Consistent high-performance results across all ten cross-validation folds demonstrate the dataset’s reliability as a benchmark for human/nonhuman classification in aerial video, particularly for data-driven approaches where realistic diversity in scale, subject identity, and background is essential. The absence of synthetic augmentation further situates reported results as direct outcomes of model and preprocessing selection, rather than data inflations.
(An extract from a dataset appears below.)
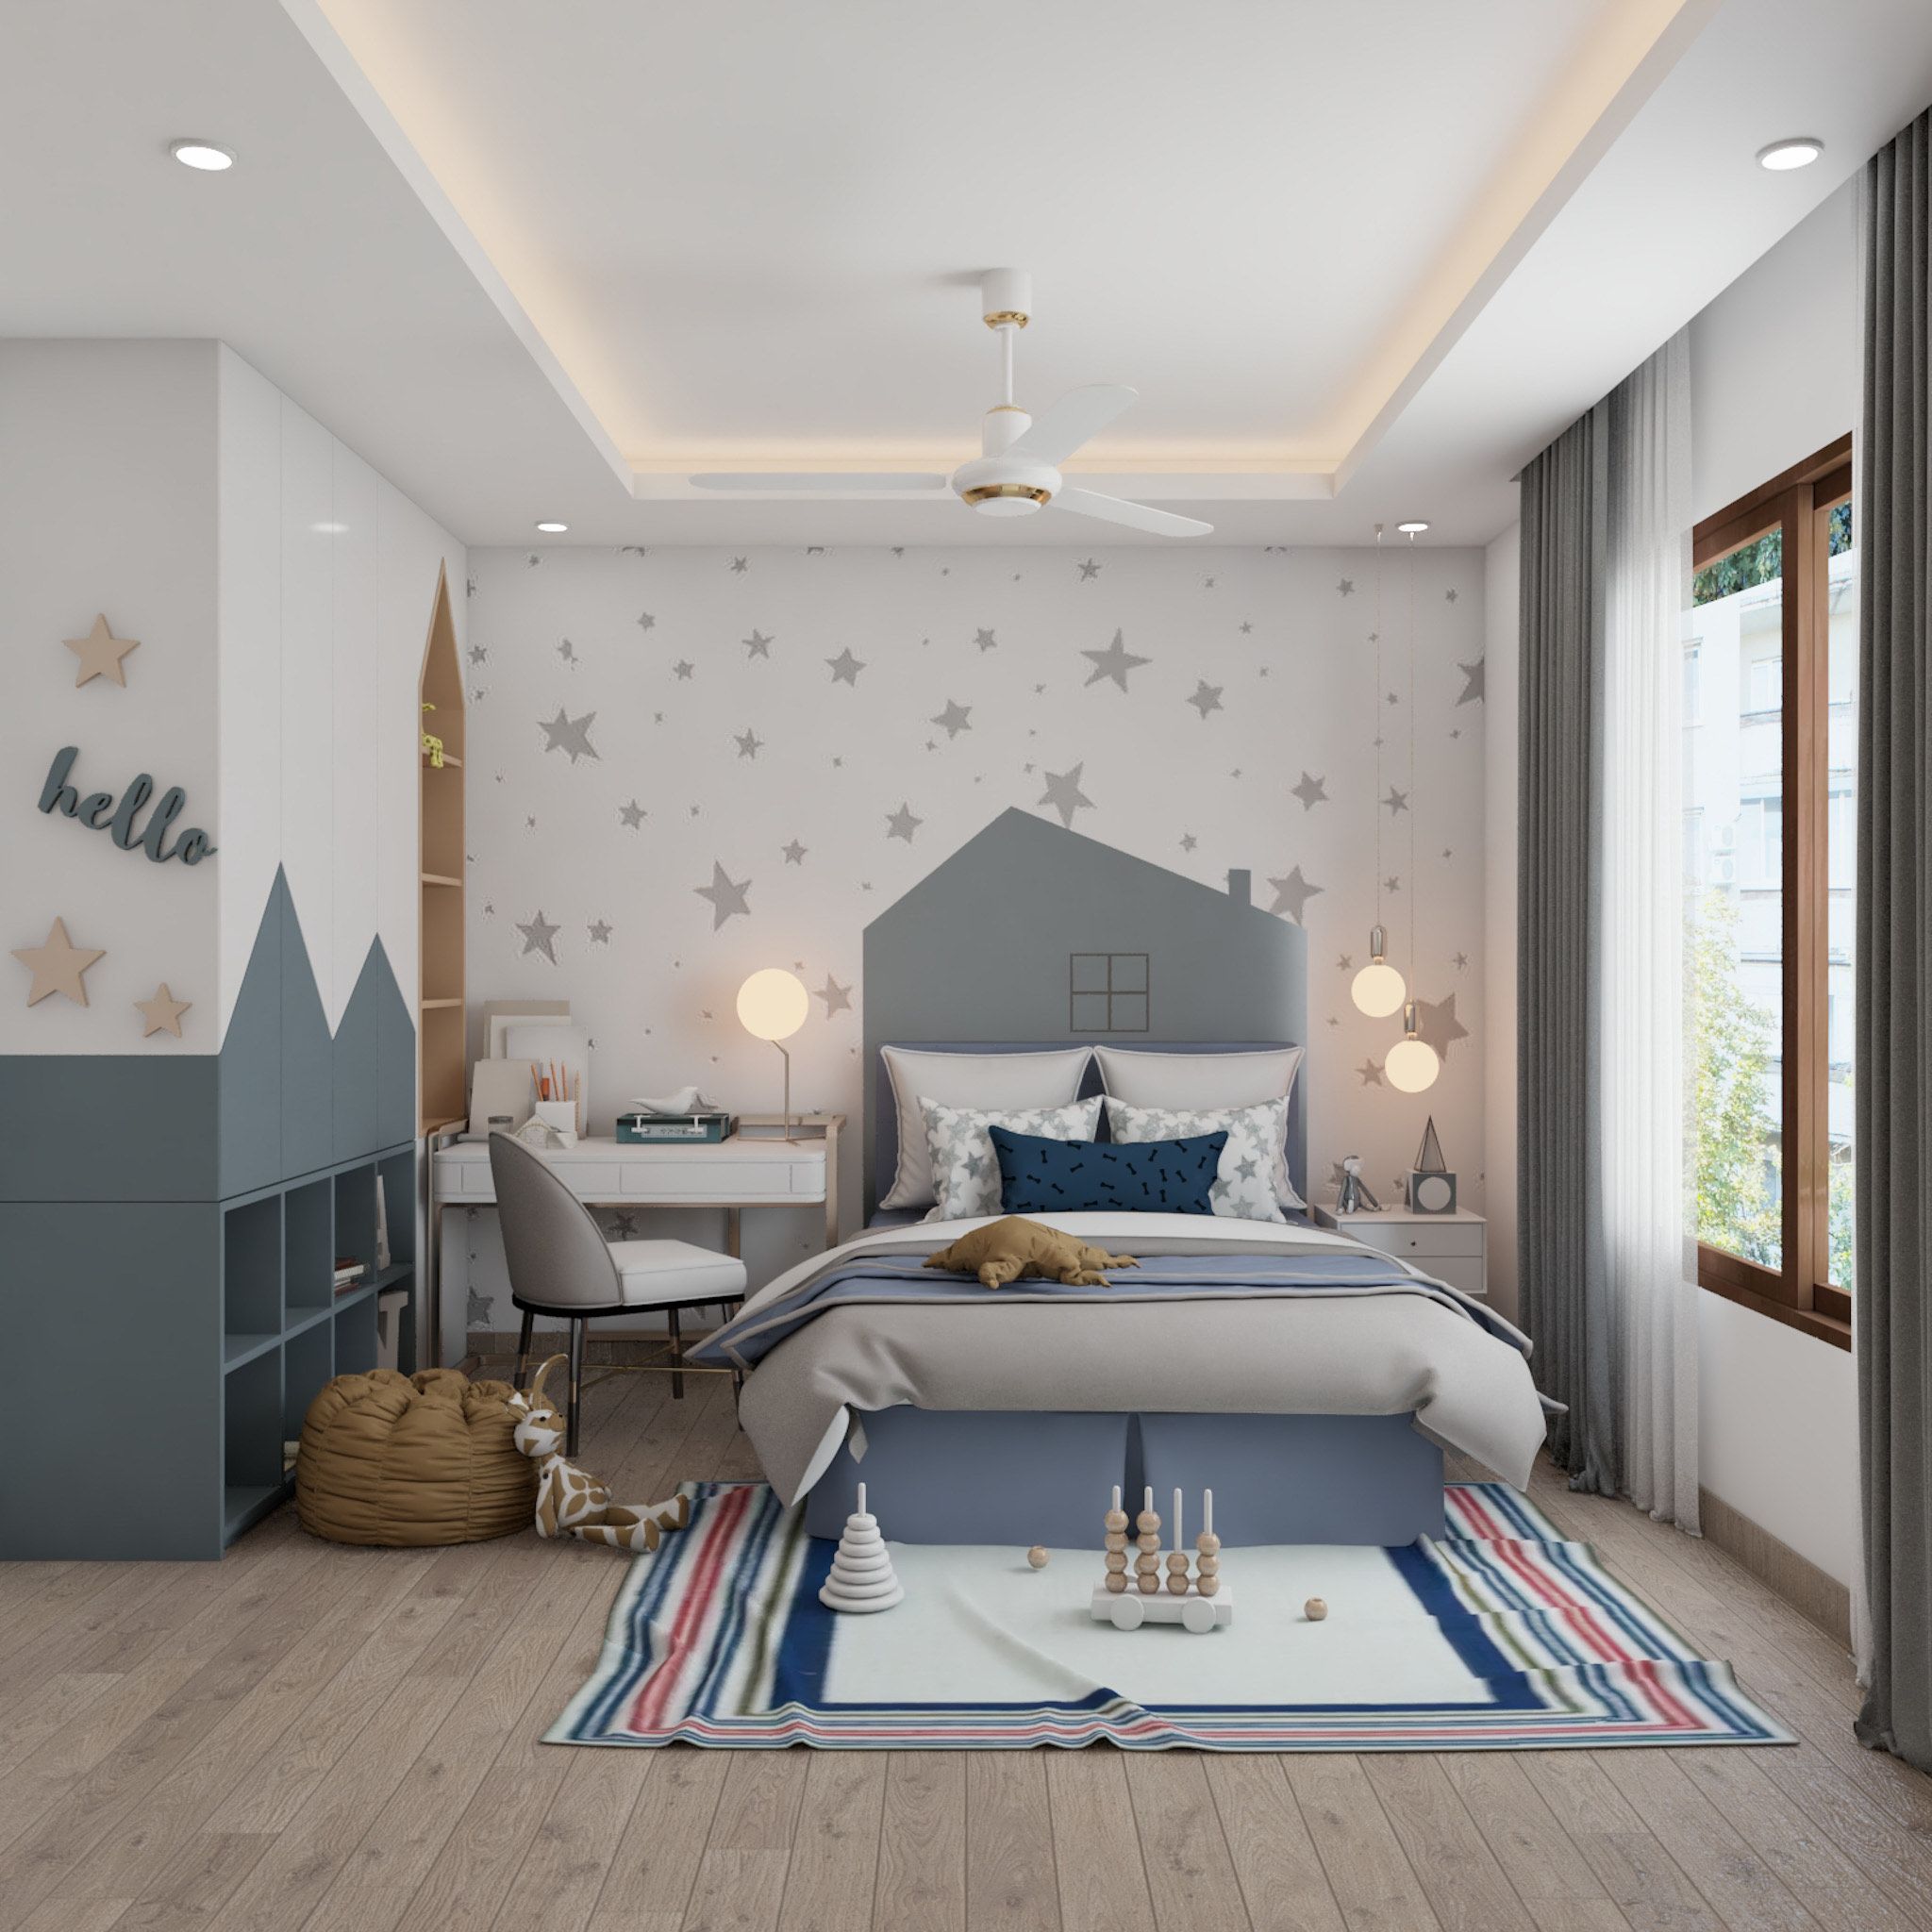 Modern Kids Bedroom Design With Recessed Lighting

7. Access, Provenance, and Application Scope
The official UCF-ARG dataset is available at http://crcv.ucf.edu/data/UCF-ARG.php, as originally released by K. Reddy and collaborators at the University of Central Florida in 2017. While the dataset was designed for multi-action recognition and remains broadly relevant to human-motion understanding, its principal contemporary utility is in aerial human detection under real-world conditions requiring robustness to environmental variation and minimal scene control. The dataset’s patch-level structure and grounded annotation scheme permit reproducible algorithmic evaluation and comparison, constituting a reference benchmark for subsequent advances in deep-learning–based video detection methodologies (AlDahoul et al., 1 Jan 2026).